## [Task description]
Find the line with "Toro Iseki, Shizuoka." in the data below. Repeat it and every line after it exactly, but not the pictures.

## [Provided data]
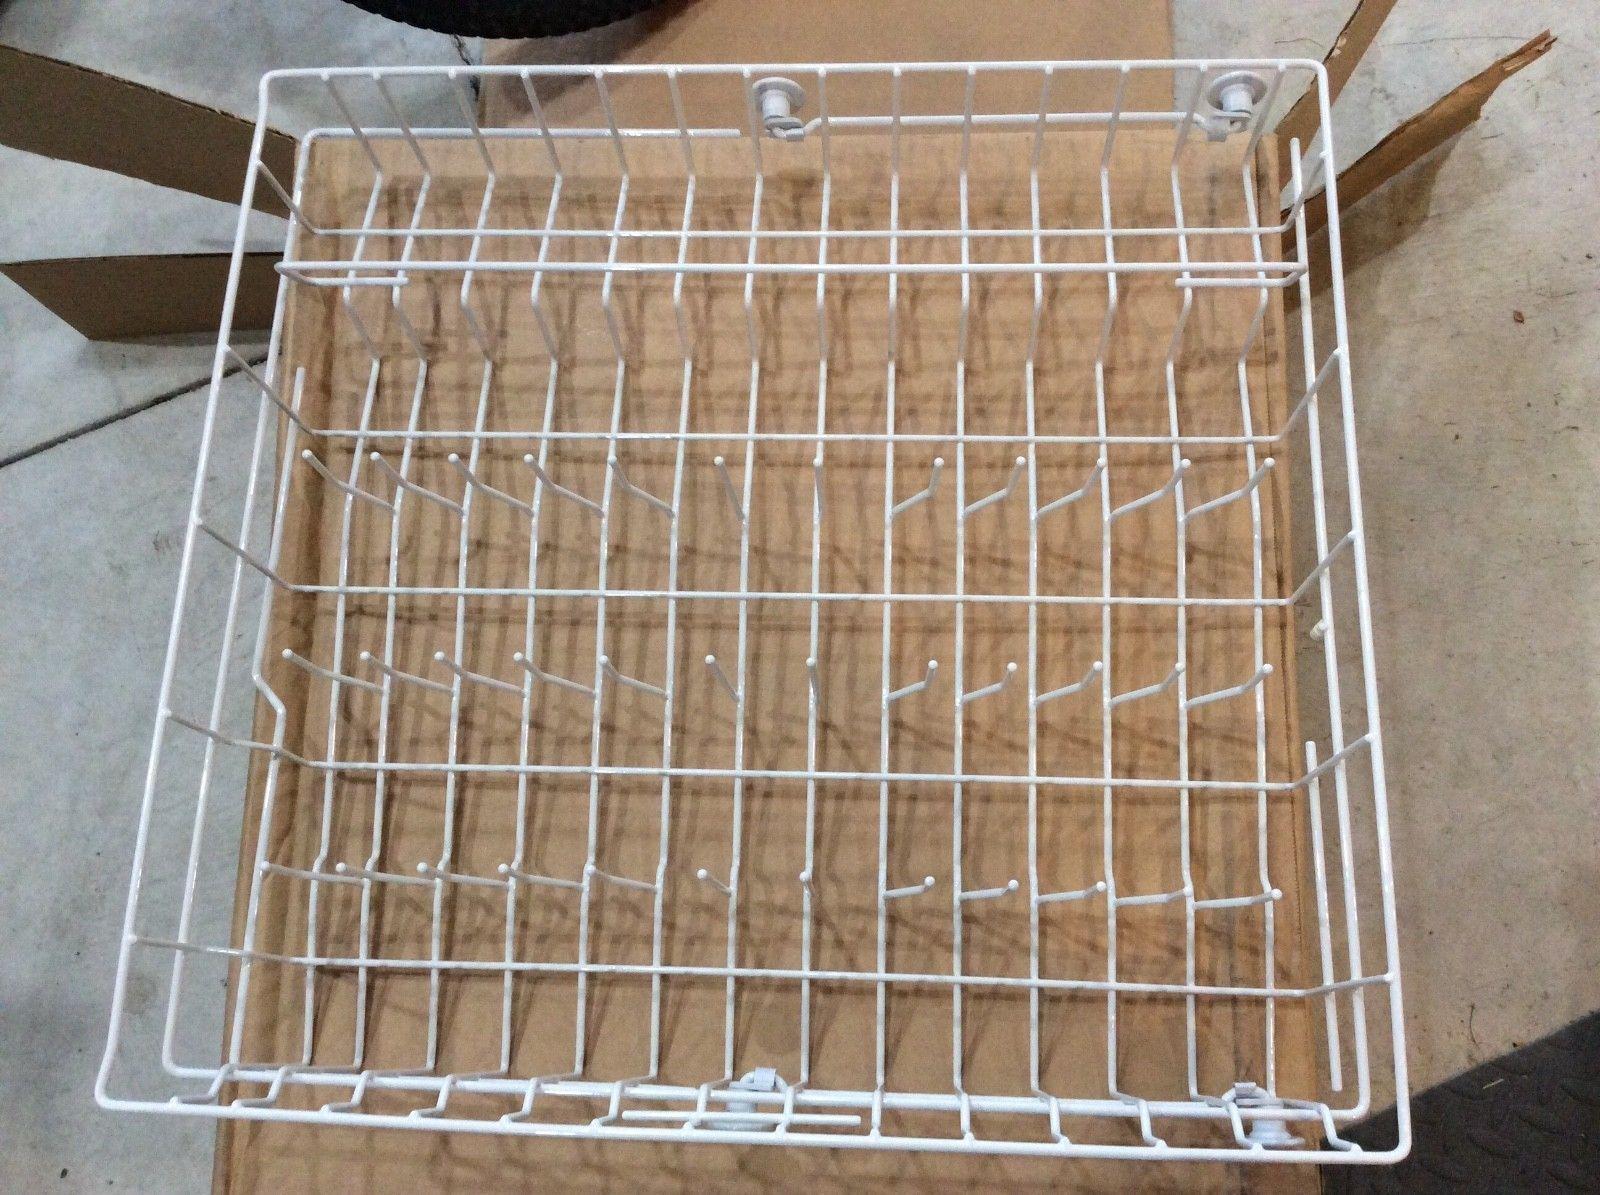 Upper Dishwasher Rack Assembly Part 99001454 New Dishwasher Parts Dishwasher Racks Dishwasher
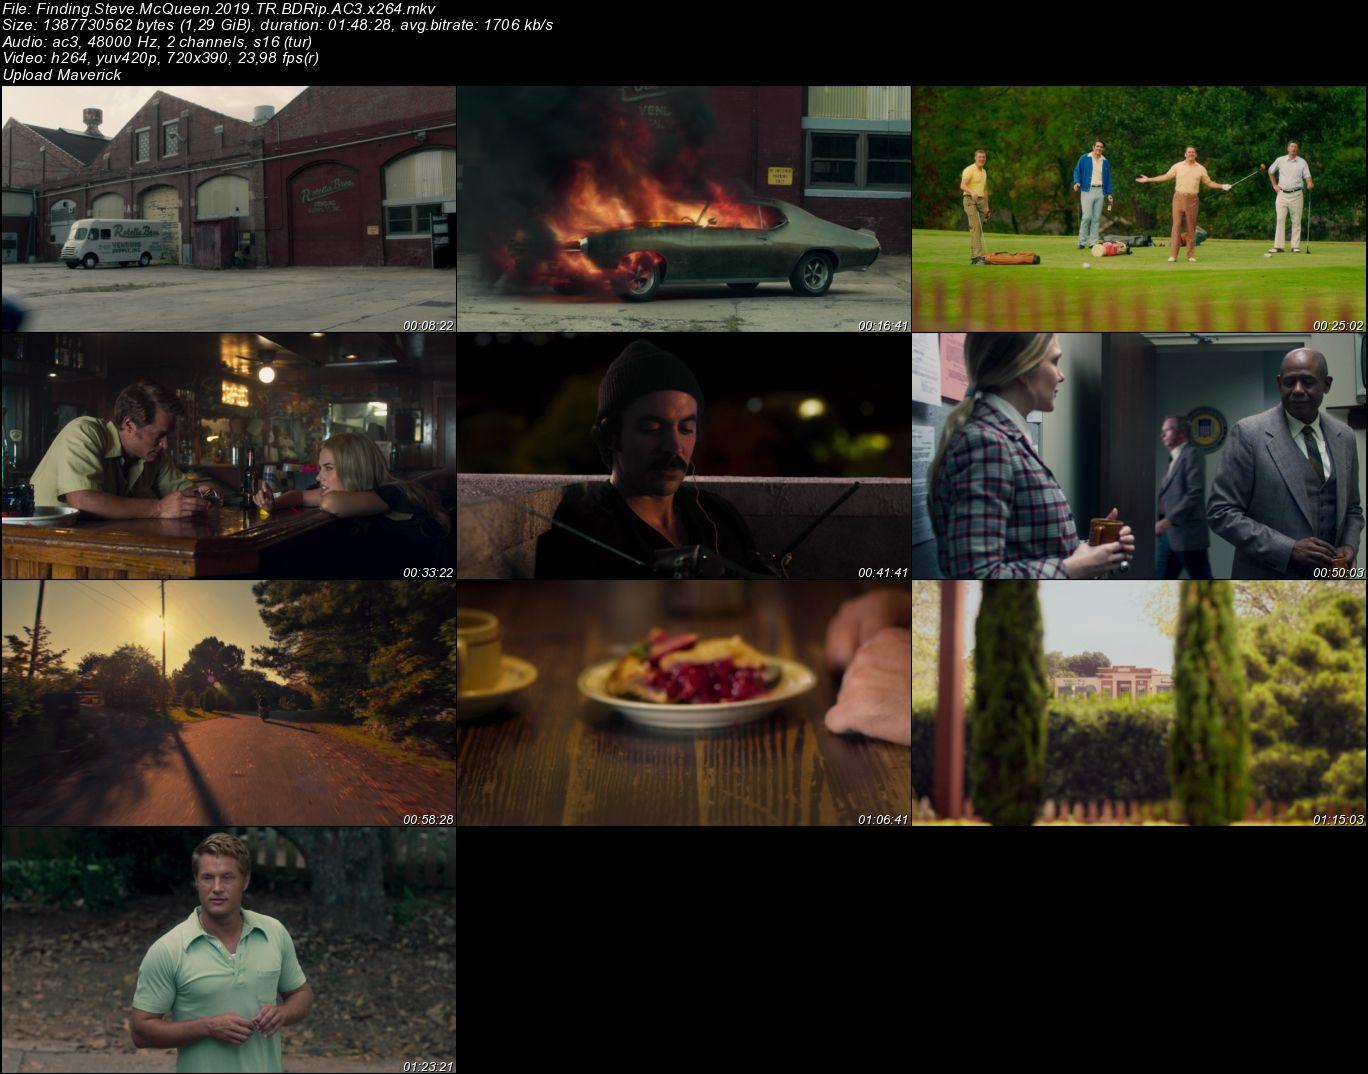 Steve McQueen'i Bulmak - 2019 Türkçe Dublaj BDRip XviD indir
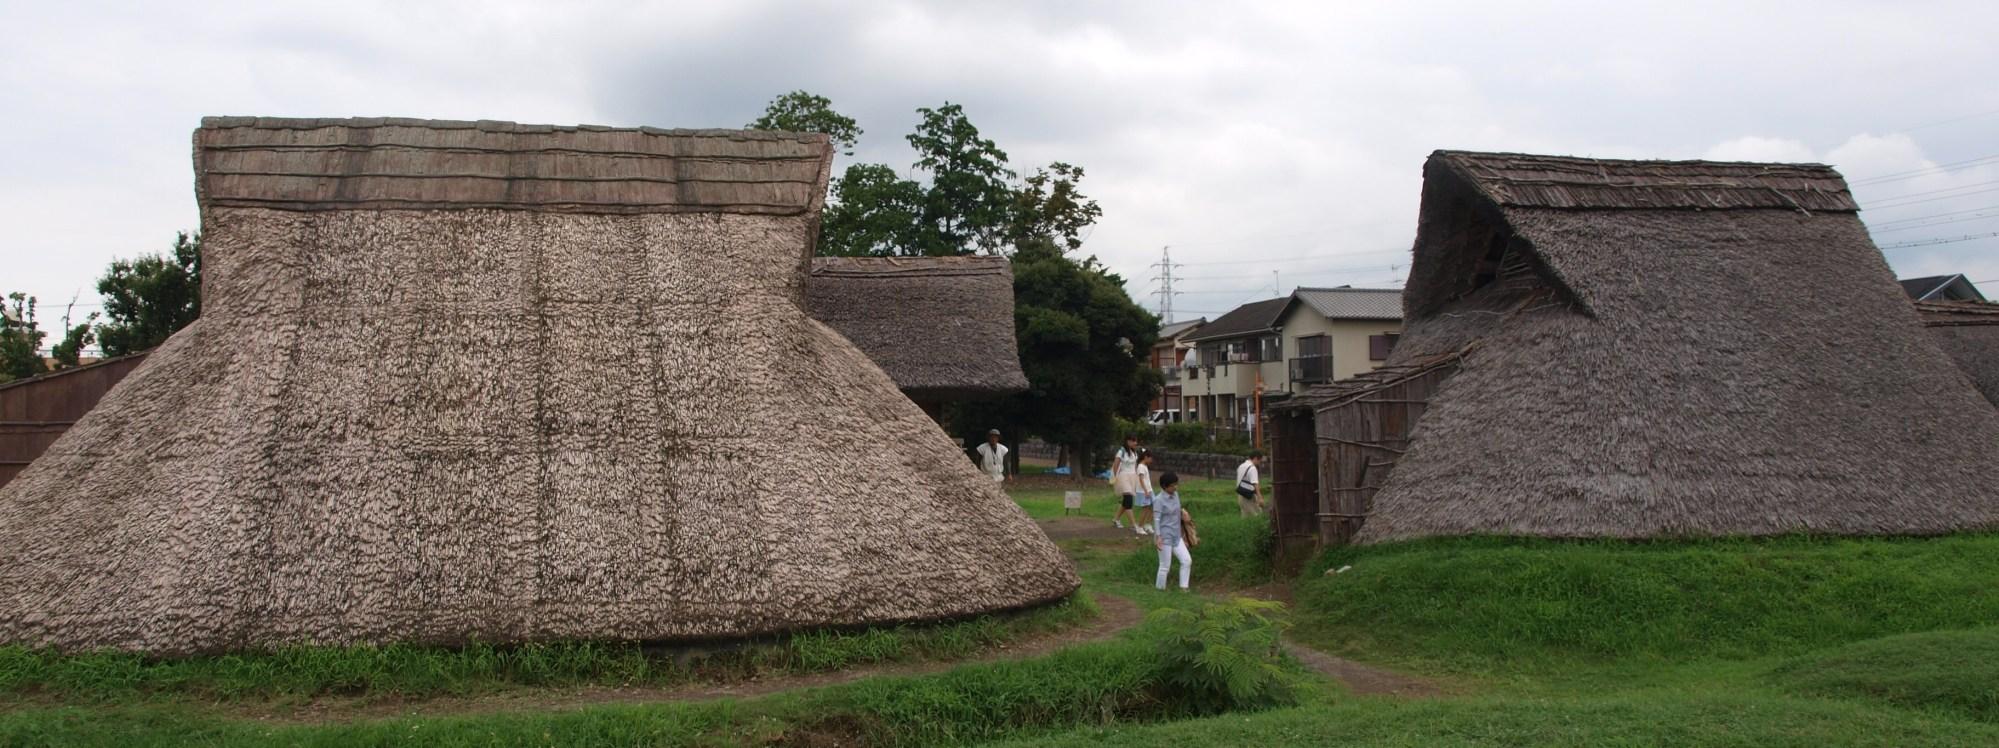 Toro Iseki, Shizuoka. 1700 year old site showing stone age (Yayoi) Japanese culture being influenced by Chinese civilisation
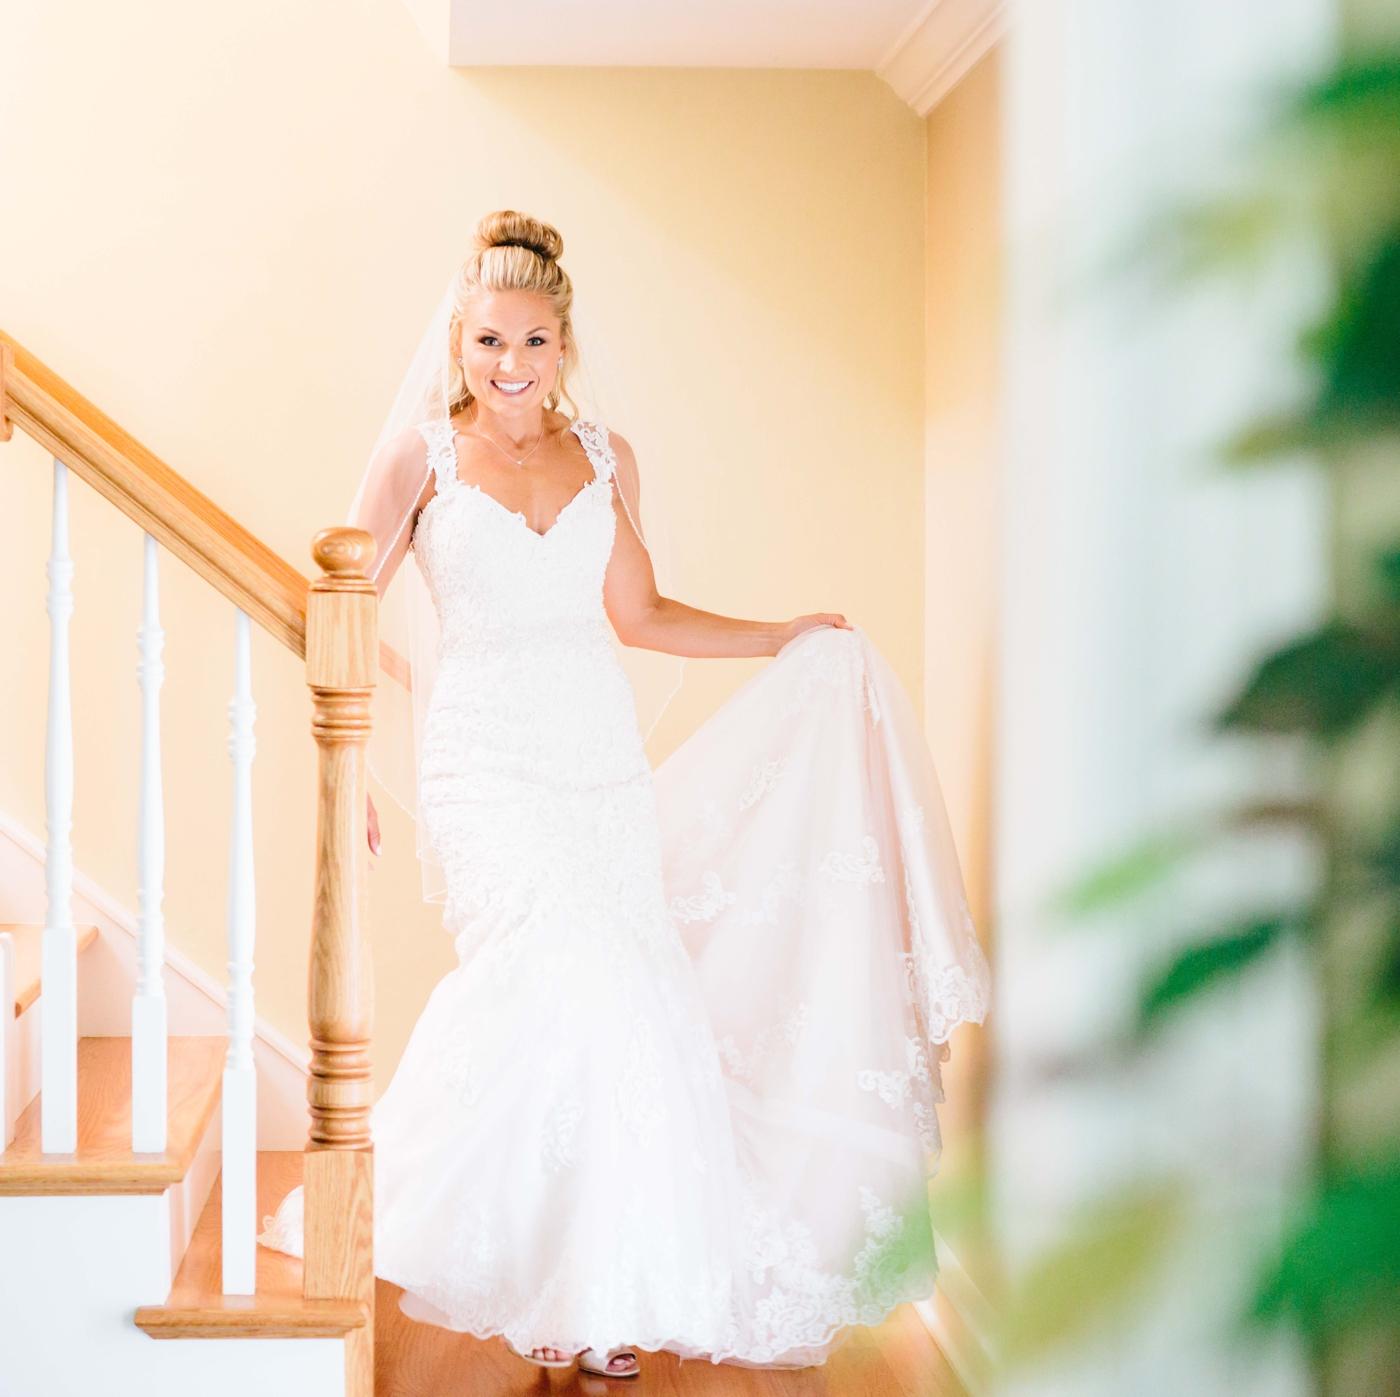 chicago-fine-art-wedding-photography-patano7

## [Exercise answer]
 Toro Iseki, Shizuoka. 1700 year old site showing stone age (Yayoi) Japanese culture being influenced by Chinese civilisation
 chicago-fine-art-wedding-photography-patano7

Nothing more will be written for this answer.